An error after Pre-training finished

Developers
Bruce Lee
2015-07-15
2015-07-15
  • Bruce Lee

    Bruce Lee - 2015-07-15

    Hello everyone, I am a fisher. When I use kaldi to handle my own corpus(Chinese audios), I countered some problems. I hope someone can help me to solve this.

    I just use the most of shell scripts in egs/timit/s5 and modify some files to make it available for my own data. There is no problem till I train the DNN with GPU. I use the local/nnet/run_dnn.sh to build the DNN model. I just change the steps/nnet/make_fmllr_feats.sh --nj 2, steps/nnet/make_fmllr_feats.sh --nj 4, steps/nnet/make_fmllr_feats.sh --nj 44 according to my corpus.

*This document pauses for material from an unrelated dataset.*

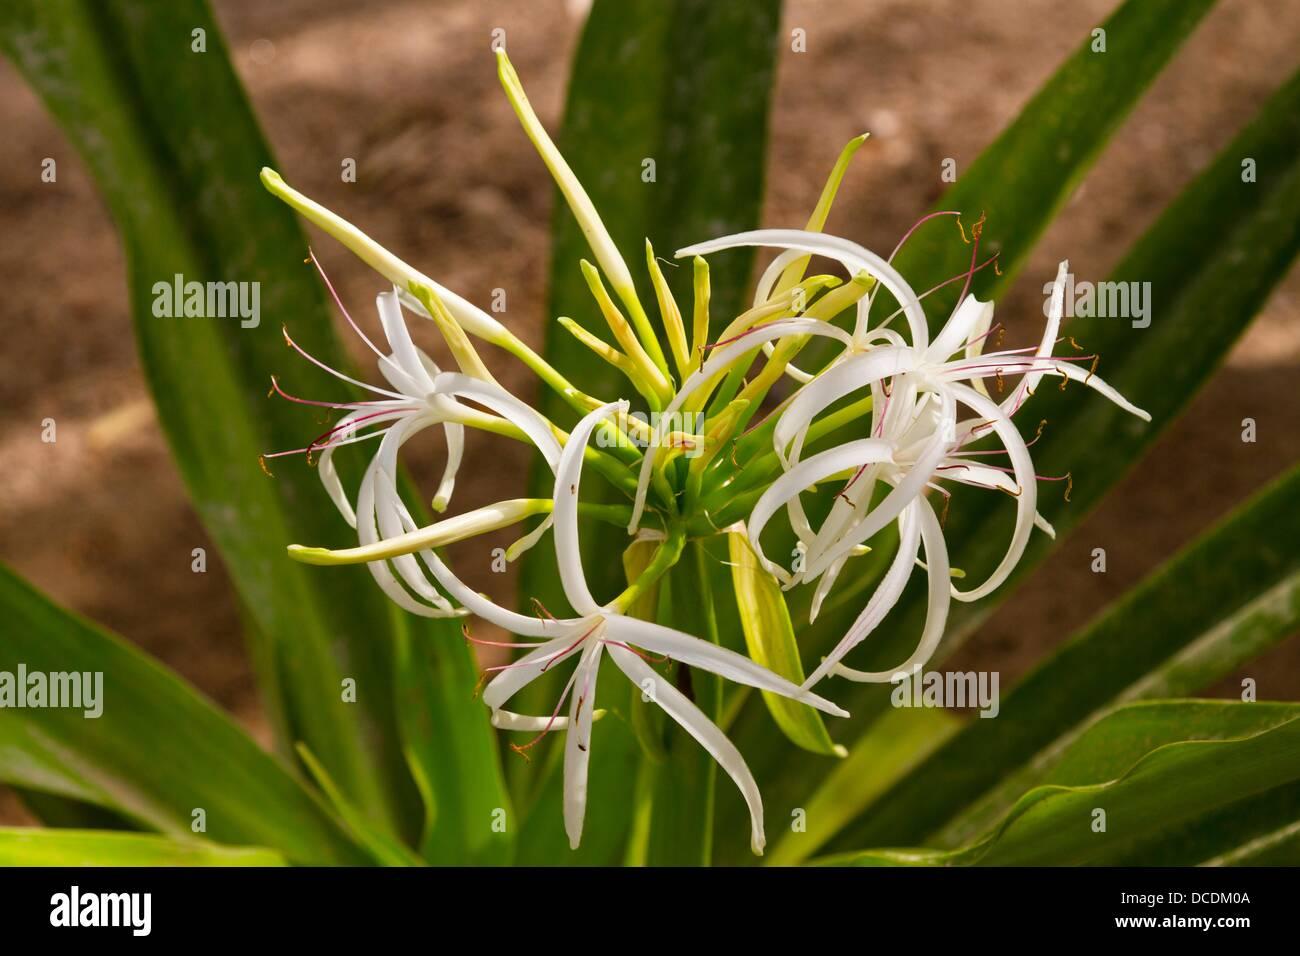 The spider lily flower in creek park dubai uae stock photo the spider lily flower in creek park dubai uae izmirmasajfo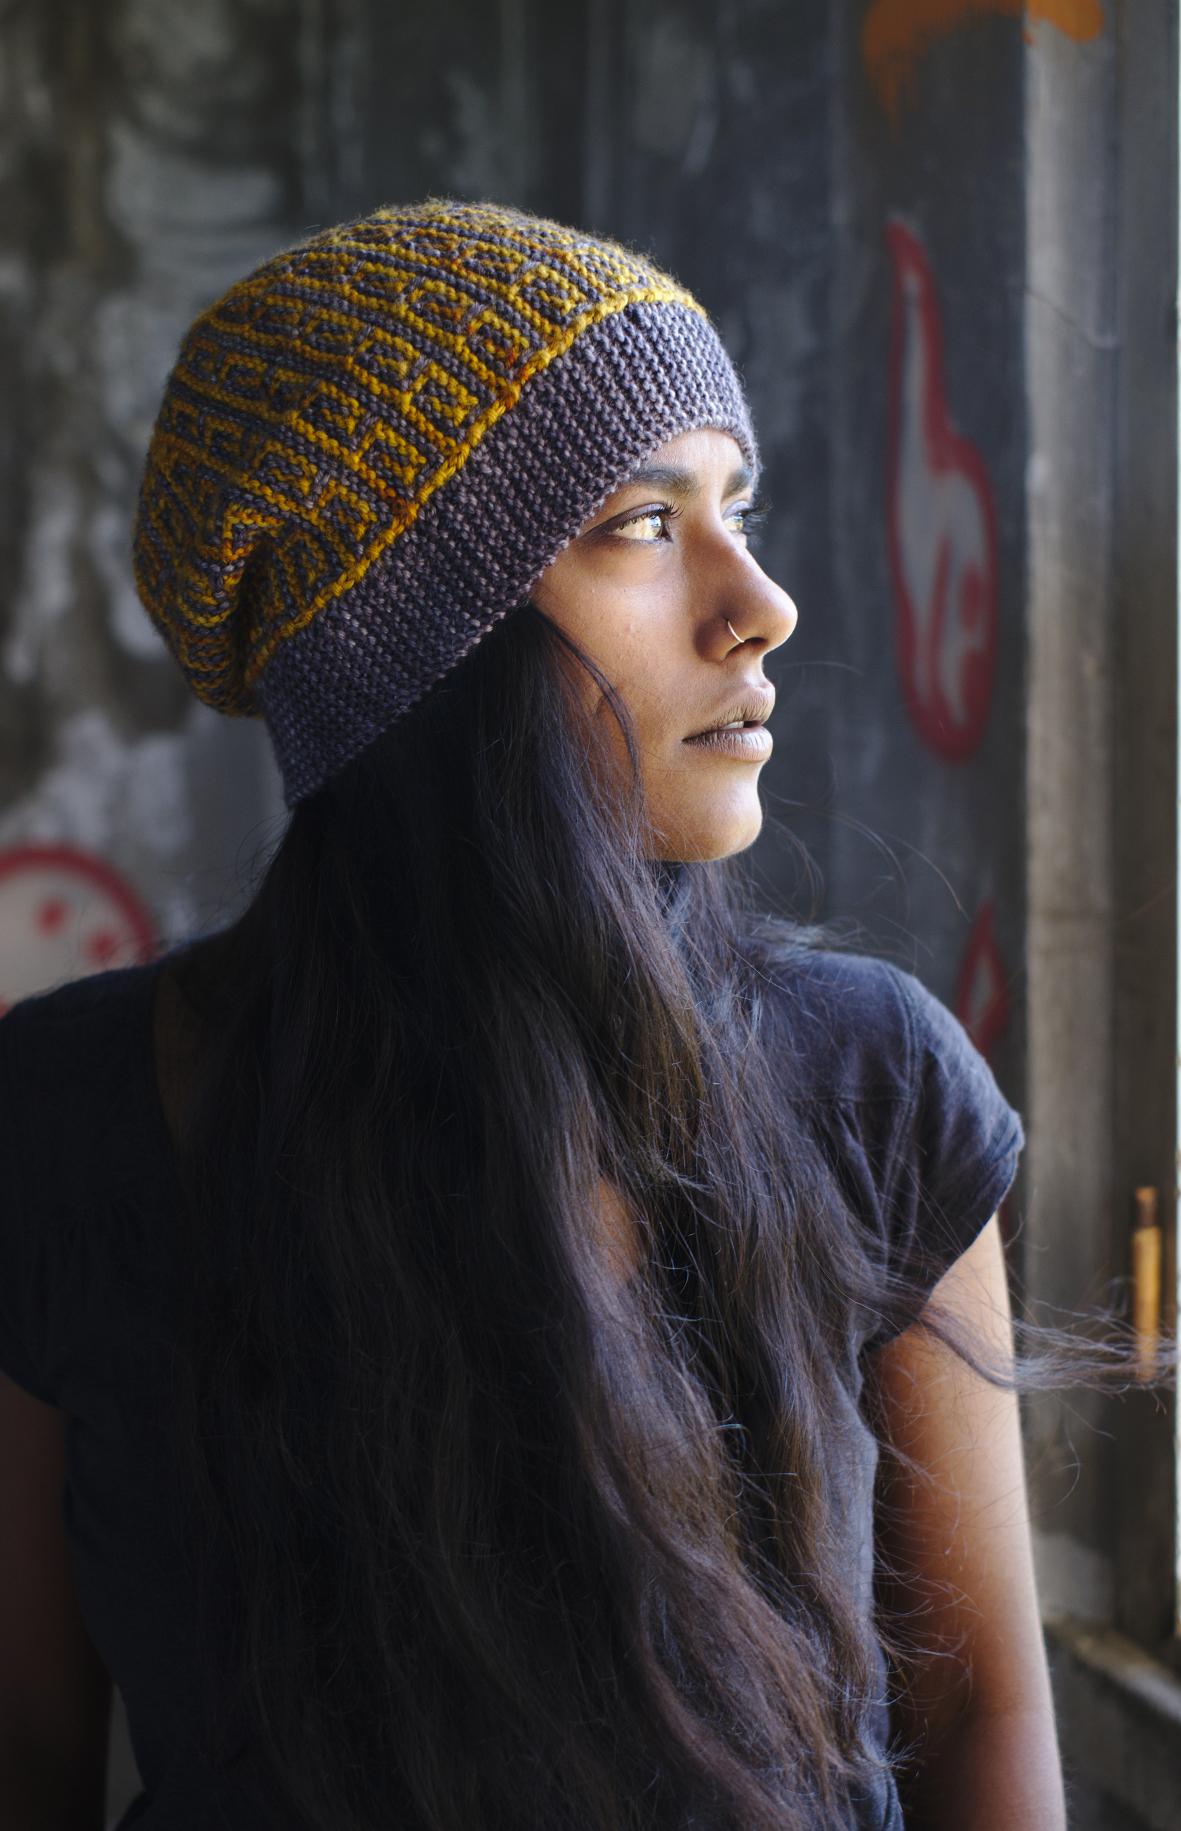 Revolutions sideways knit mosaic slipped stitch colourwork Hat hand knitting pattern for DK yarn

It reported error after finishing pre-training 5 layers of DNN model.

    The following information is the content of command line:

    Pre-training finished.
    Removing features tmpdir /tmp/tmp.bIzfDxCTVc @ lijian-cca
    train.ark

    Accounting: time=17989 threads=1

    Ended (code 0) at Wed Jul 15 13:39:38 CST 2015, elapsed time 17989 seconds

    steps/nnet/train.sh --feature-transform exp/dnn4_pretrain-dbn/final.feature_transform --dbn exp/dnn4_pretrain-dbn/6.dbn --hid-layers 0 --learn-rate 0.008 data-fmllr-tri3/train_tr90 data-fmllr-tri3/train_cv10 data/lang exp/tri3_ali exp/tri3_ali exp/dnn4_pretrain-dbn_dnn

    Started at Wed Jul 15 13:39:38 CST 2015

    steps/nnet/train.sh --feature-transform exp/dnn4_pretrain-dbn/final.feature_transform --dbn exp/dnn4_pretrain-dbn/6.dbn --hid-layers 0 --learn-rate 0.008 data-fmllr-tri3/train_tr90 data-fmllr-tri3/train_cv10 data/lang exp/tri3_ali exp/tri3_ali exp/dnn4_pretrain-dbn_dnn

    INFO

    steps/nnet/train.sh : Training Neural Network
    dir : exp/dnn4_pretrain-dbn_dnn
    Train-set : data-fmllr-tri3/train_tr90 exp/tri3_ali
    CV-set : data-fmllr-tri3/train_cv10 exp/tri3_ali

    IS CUDA GPU AVAILABLE? 'lijian-cca'

    LOG (SelectGpuIdAuto():cu-device.cc:280) Selecting from 1 GPUs
    LOG (SelectGpuIdAuto():cu-device.cc:295) cudaSetDevice(0): Quadro K2200 free:3665M, used:429M, total:4095M, free/total:0.895065
    LOG (SelectGpuIdAuto():cu-device.cc:344) Trying to select device: 0 (automatically), mem_ratio: 0.895065
    LOG (SelectGpuIdAuto():cu-device.cc:363) Success selecting device 0 free mem ratio: 0.895065
    LOG (FinalizeActiveGpu():cu-device.cc:202) The active GPU is [0]: Quadro K2200 free:3649M, used:445M, total:4095M, free/total:0.891158 version 5.0
    LOG (PrintMemoryUsage():cu-device.cc:379) Memory used: 0 bytes.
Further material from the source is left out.